Rating 3.5/5   Word Count 3443   Review this Chapter

Hurt

She was sitting across from me, too far for me to feel her warmth…just too far. I had only left her side for brief periods of time since she moved into our house, and only when absolutely necessary. Having her so close to me – right in front of me – and not touching her, it was excruciating.

I tilted my head to the side try to see her eyes, to understand what had happened. If only I could see her thoughts, I could fix whatever the problem was. I had not even been touching her; I don’t think I could have hurt her. I could never hurt her, or more over would never hurt her on purpose.

That’s why this was hard. It was frivolous – unnecessary – but I wanted to make her happy and I could see it from her point of view, which is why I had agreed to try. But I could never forgive myself if I hurt her, even one cell in her body.

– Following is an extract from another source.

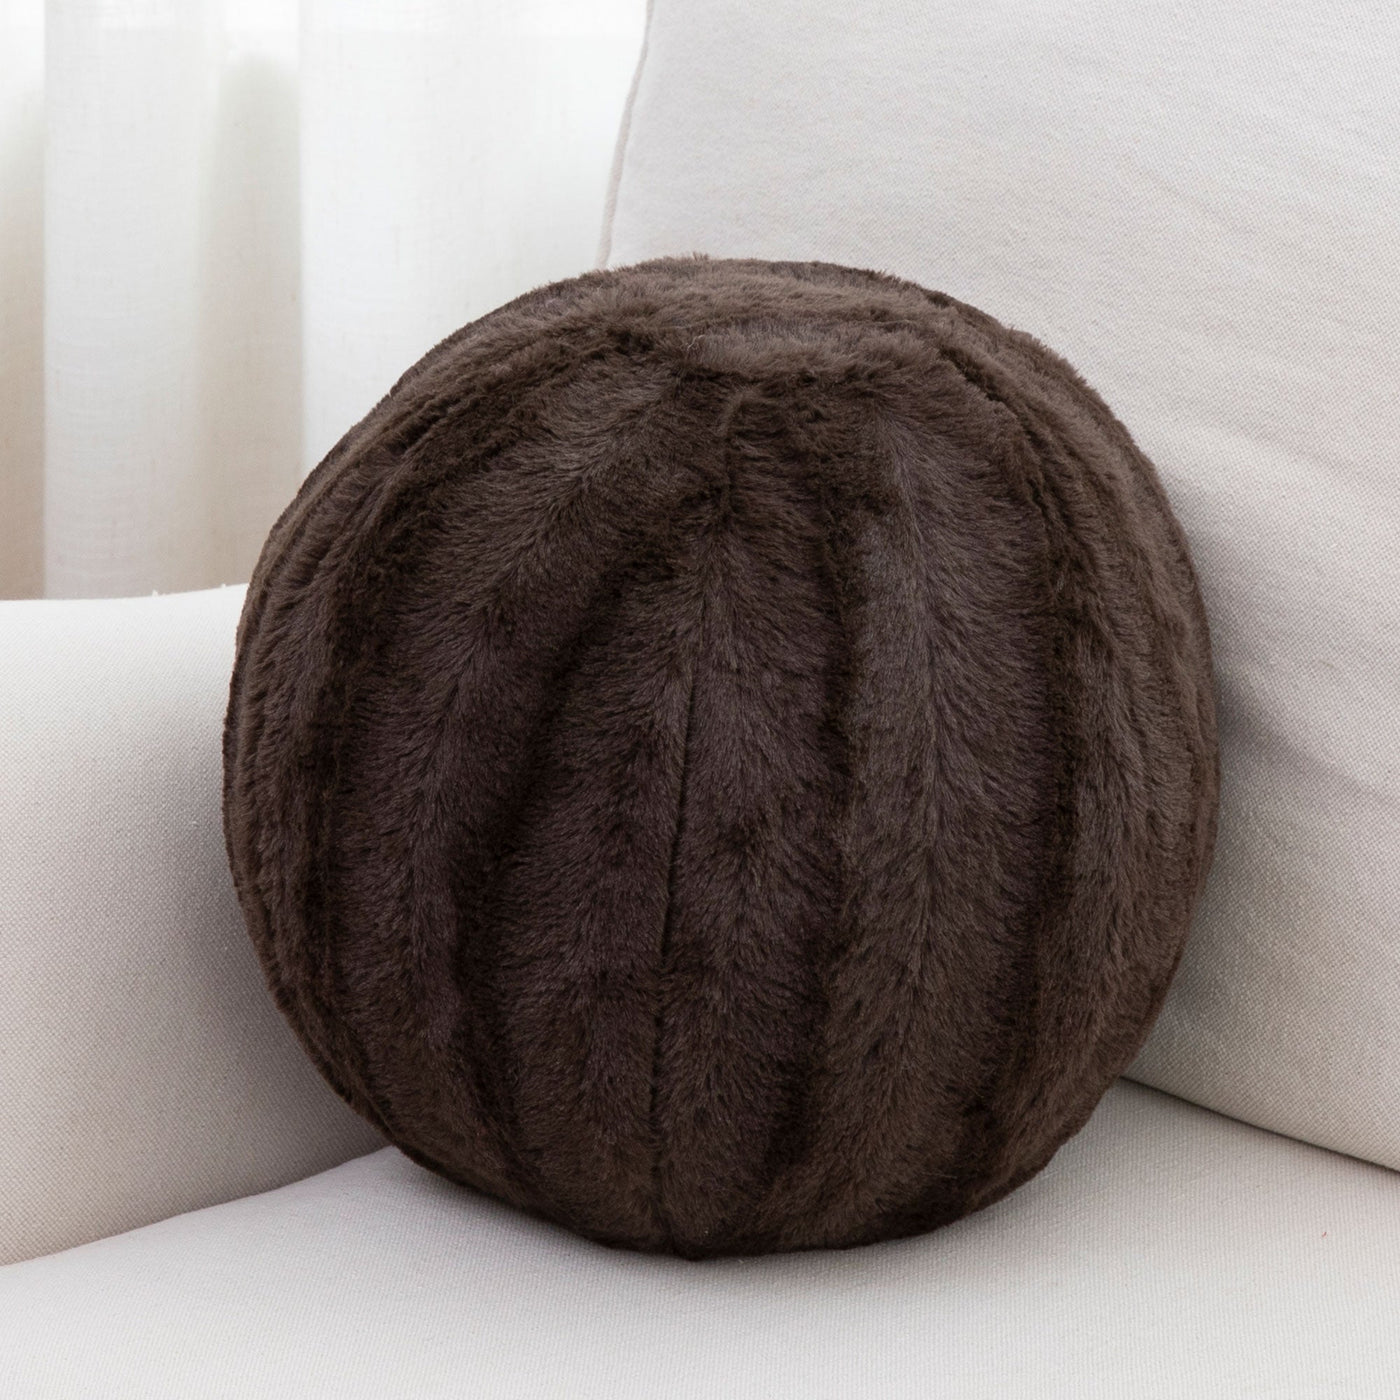 Cheer Collection Ball Throw Pillows for Living Room Decor, Decorative

She shot me a glare that said that she needed some time; I could hedge my curiosity for a small time, though I never broke my gaze.

She looked so soft and delicate, so beautiful, how could I be so lucky? This wonderful creature had taken me, and planned on staying with me for an eternity. As much as I didn’t like the means, I still hoped for eternity.

My thoughts went to that day when we shared our plans spend our lives together with our families.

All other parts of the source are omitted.